Records for this exercise:
—————
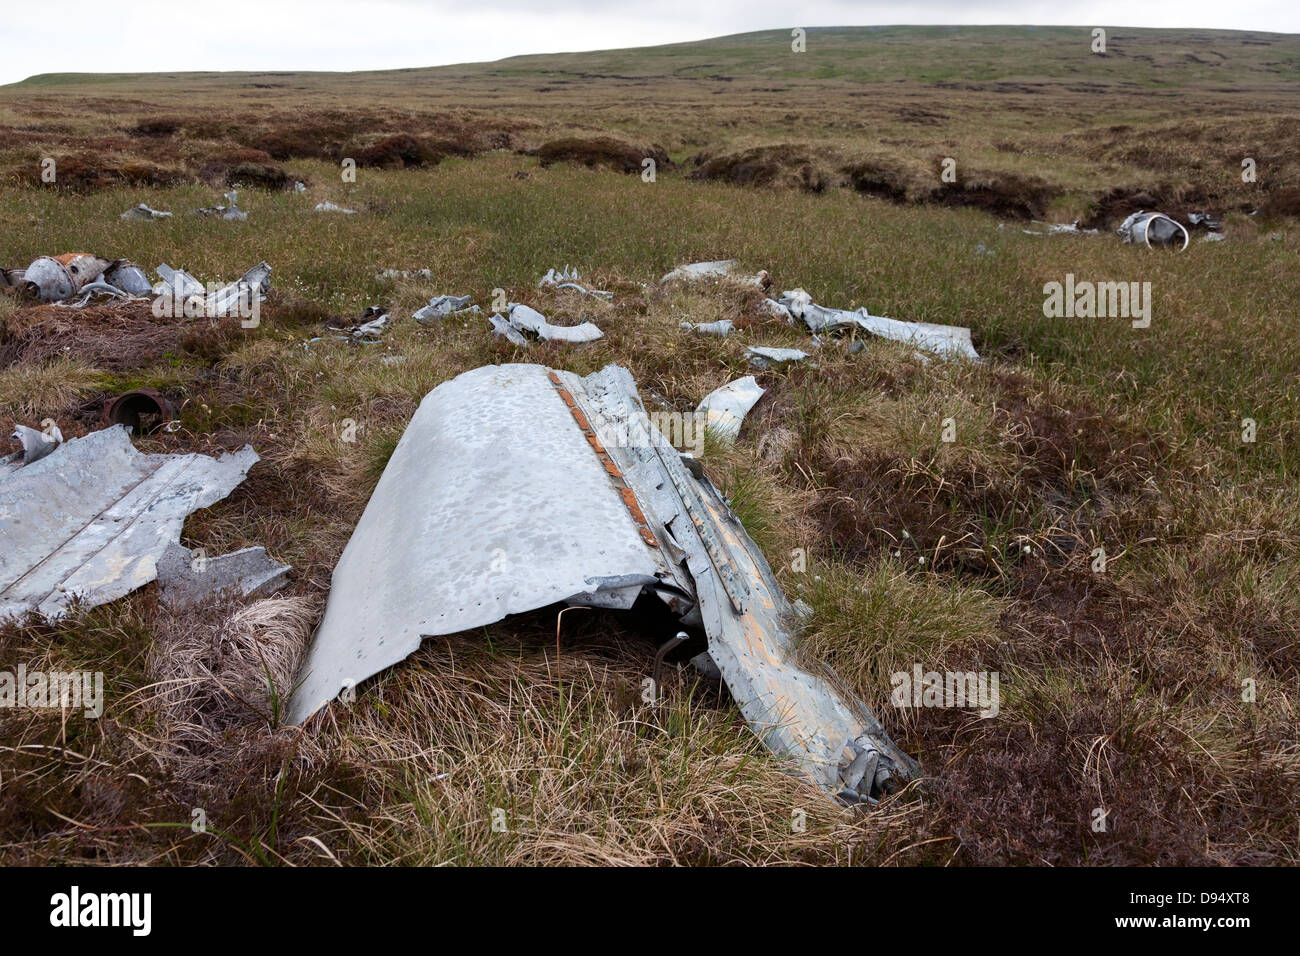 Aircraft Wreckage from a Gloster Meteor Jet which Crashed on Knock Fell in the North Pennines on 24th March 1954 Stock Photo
—————
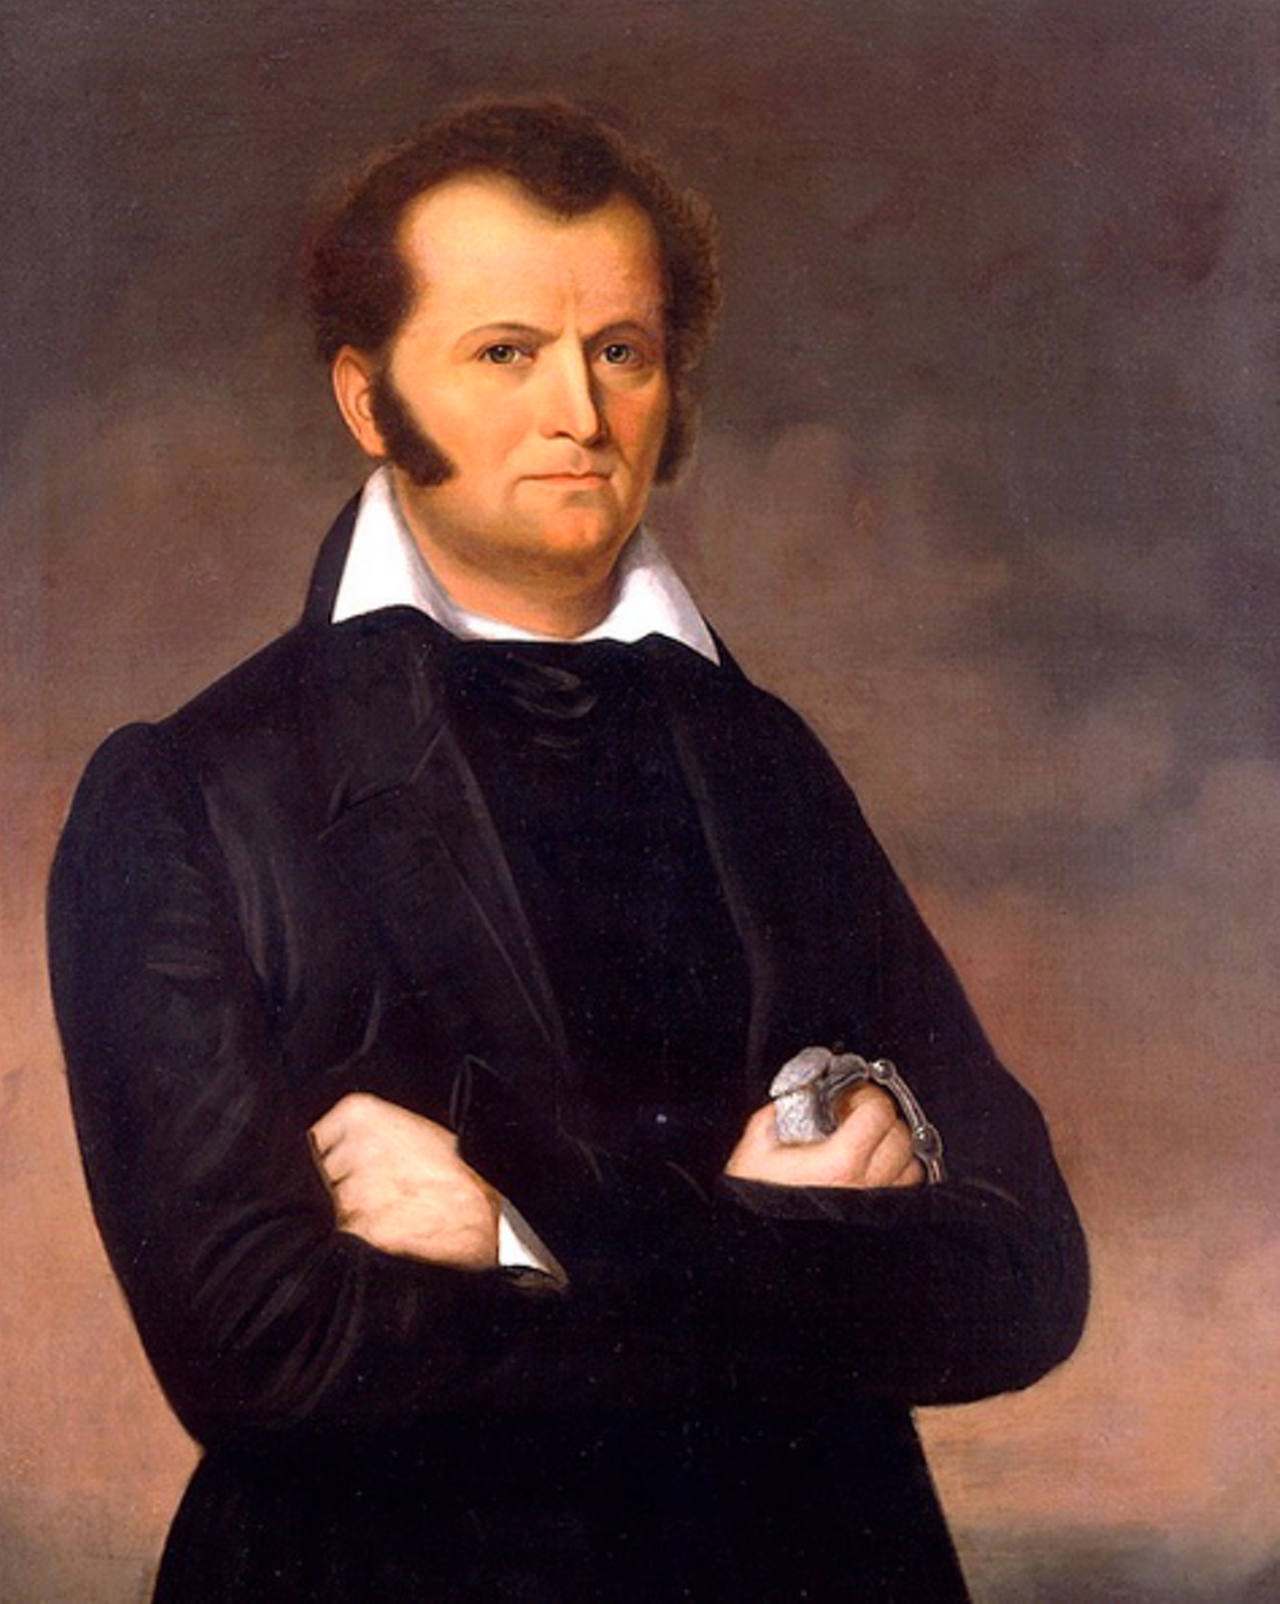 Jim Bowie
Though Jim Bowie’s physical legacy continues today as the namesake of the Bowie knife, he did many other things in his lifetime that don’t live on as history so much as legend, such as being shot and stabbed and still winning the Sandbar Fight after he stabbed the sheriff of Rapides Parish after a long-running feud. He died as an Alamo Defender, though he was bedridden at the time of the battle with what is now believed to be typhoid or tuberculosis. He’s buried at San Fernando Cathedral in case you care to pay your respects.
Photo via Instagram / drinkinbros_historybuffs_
—————
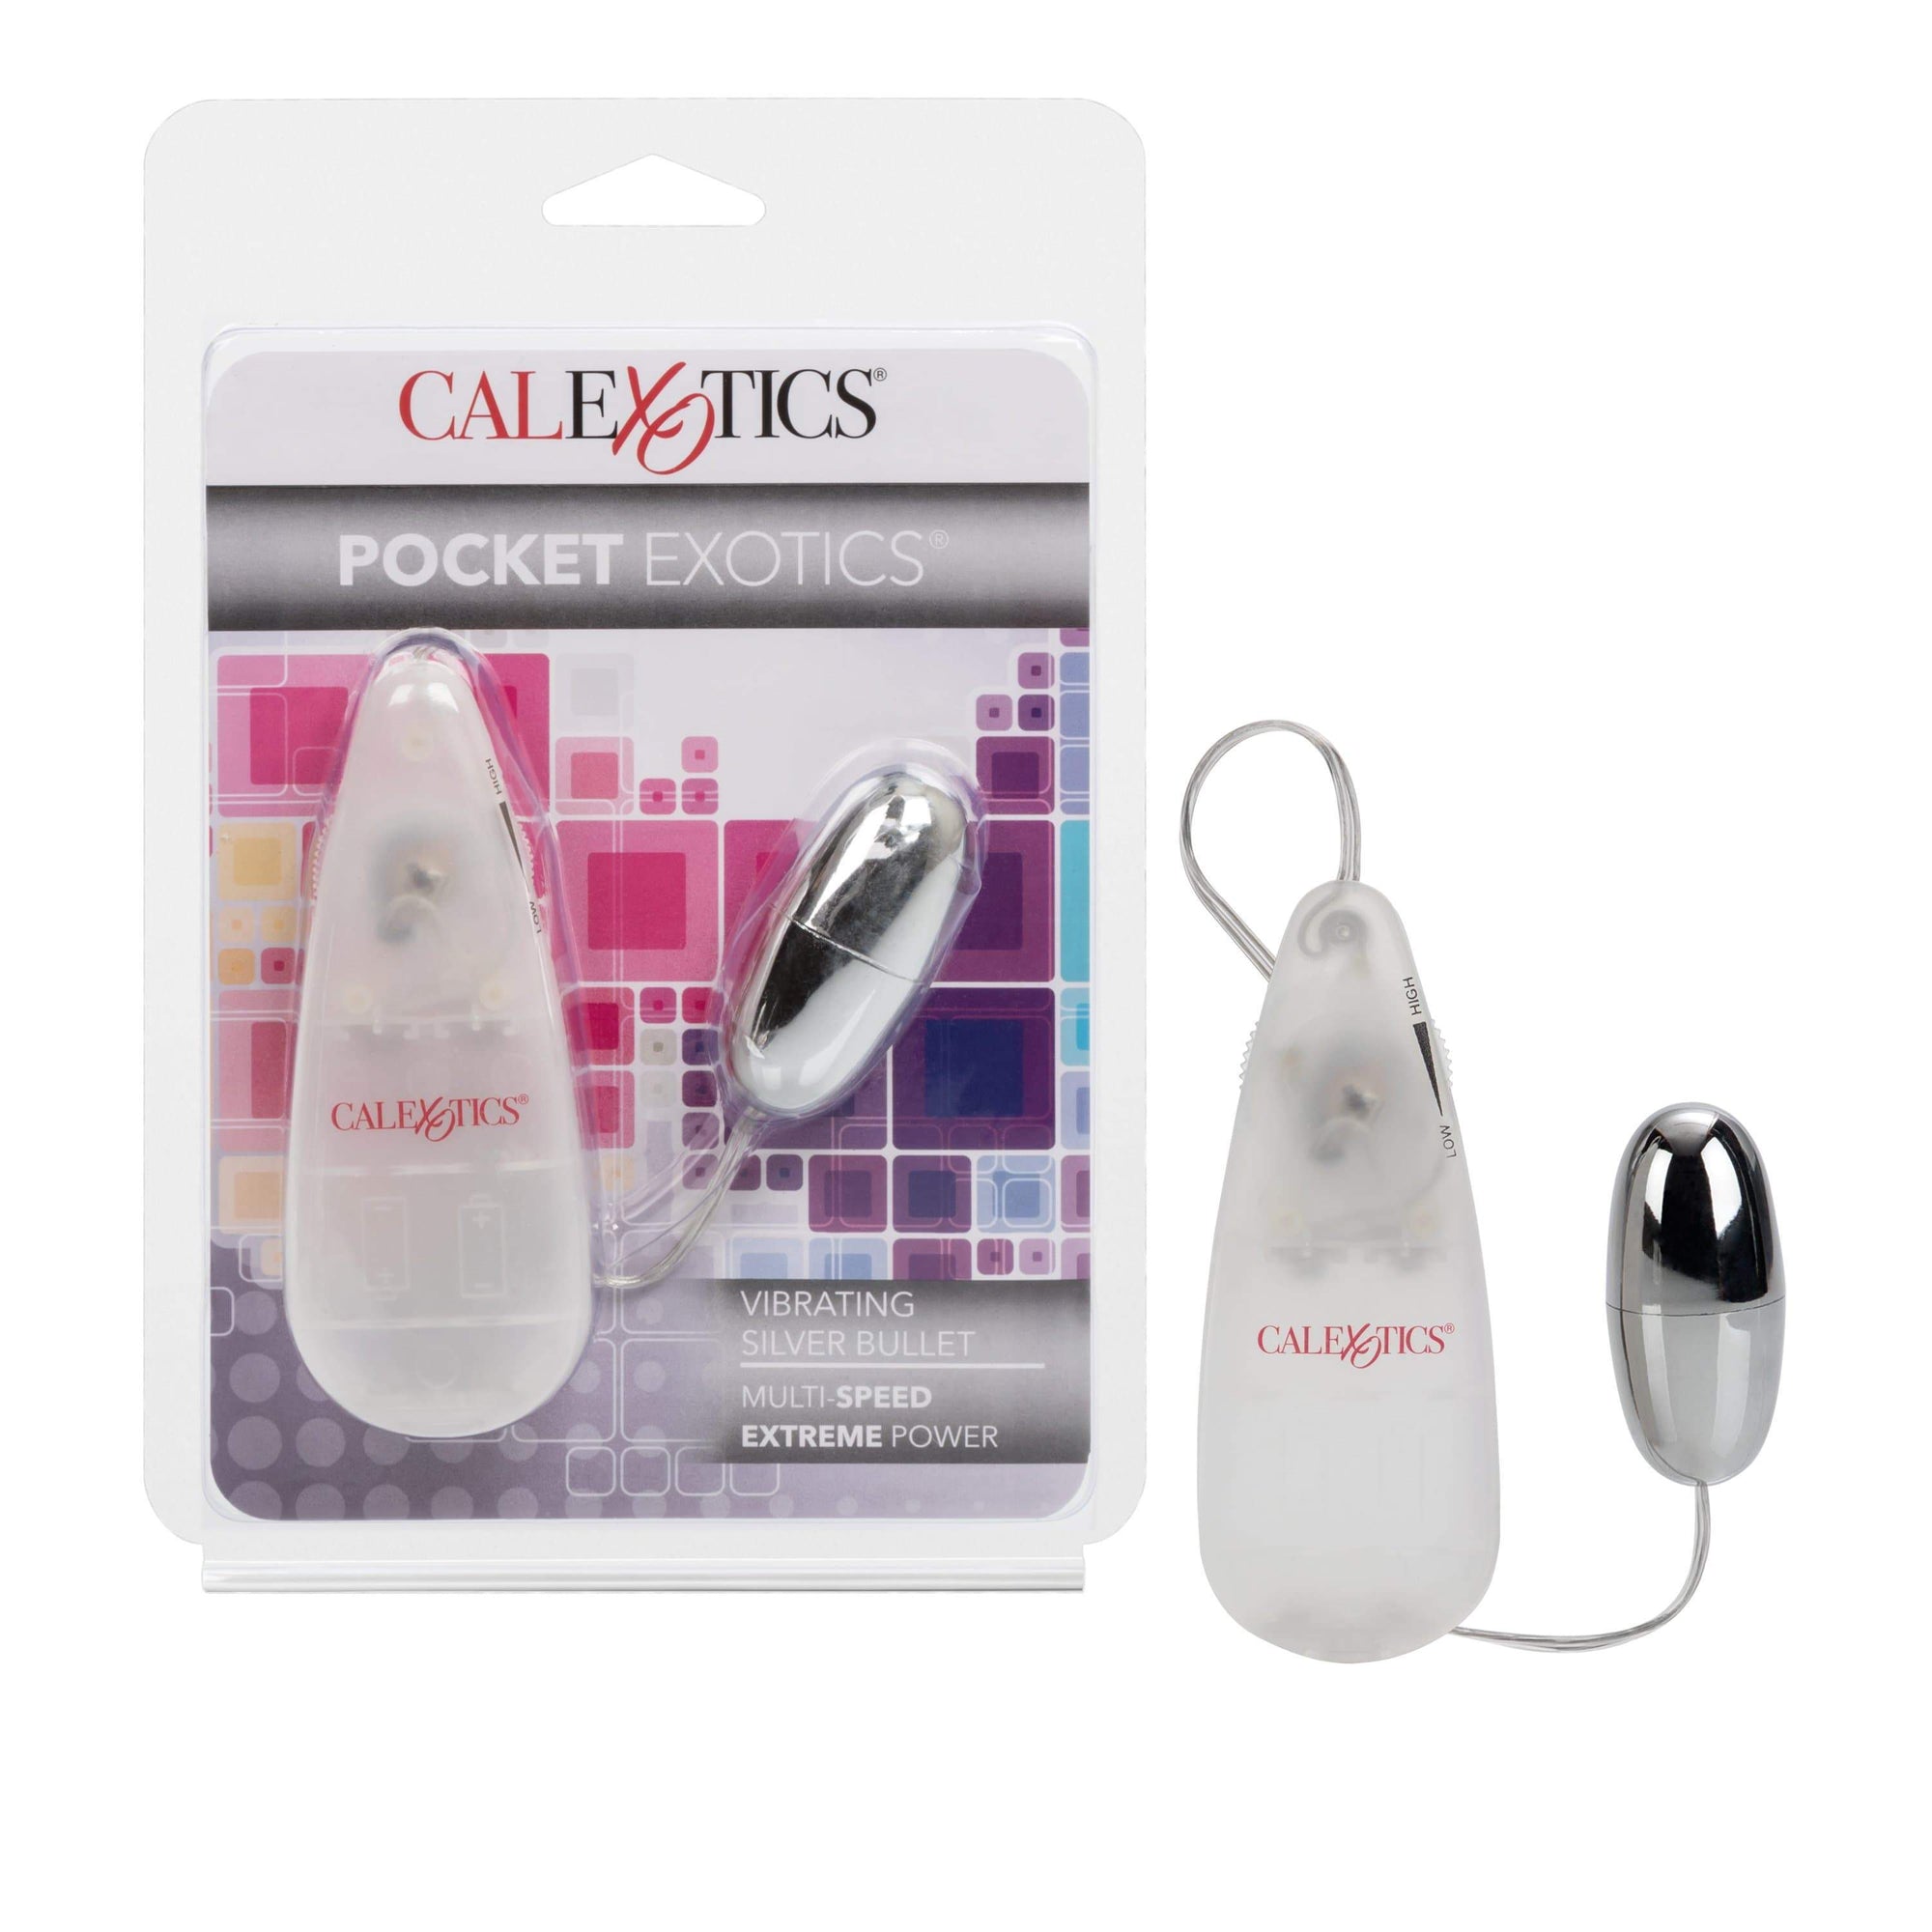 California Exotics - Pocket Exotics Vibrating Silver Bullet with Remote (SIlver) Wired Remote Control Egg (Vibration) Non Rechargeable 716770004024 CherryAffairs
—————
The exact lines of the material above starting at the one that contains "Though Jim Bowie’s" and ending at the one that contains "Photo via Instagram" are what to retype; leave out everything else.

Though Jim Bowie’s physical legacy continues today as the namesake of the Bowie knife, he did many other things in his lifetime that don’t live on as history so much as legend, such as being shot and stabbed and still winning the Sandbar Fight after he stabbed the sheriff of Rapides Parish after a long-running feud. He died as an Alamo Defender, though he was bedridden at the time of the battle with what is now believed to be typhoid or tuberculosis. He’s buried at San Fernando Cathedral in case you care to pay your respects.
Photo via Instagram / drinkinbros_historybuffs_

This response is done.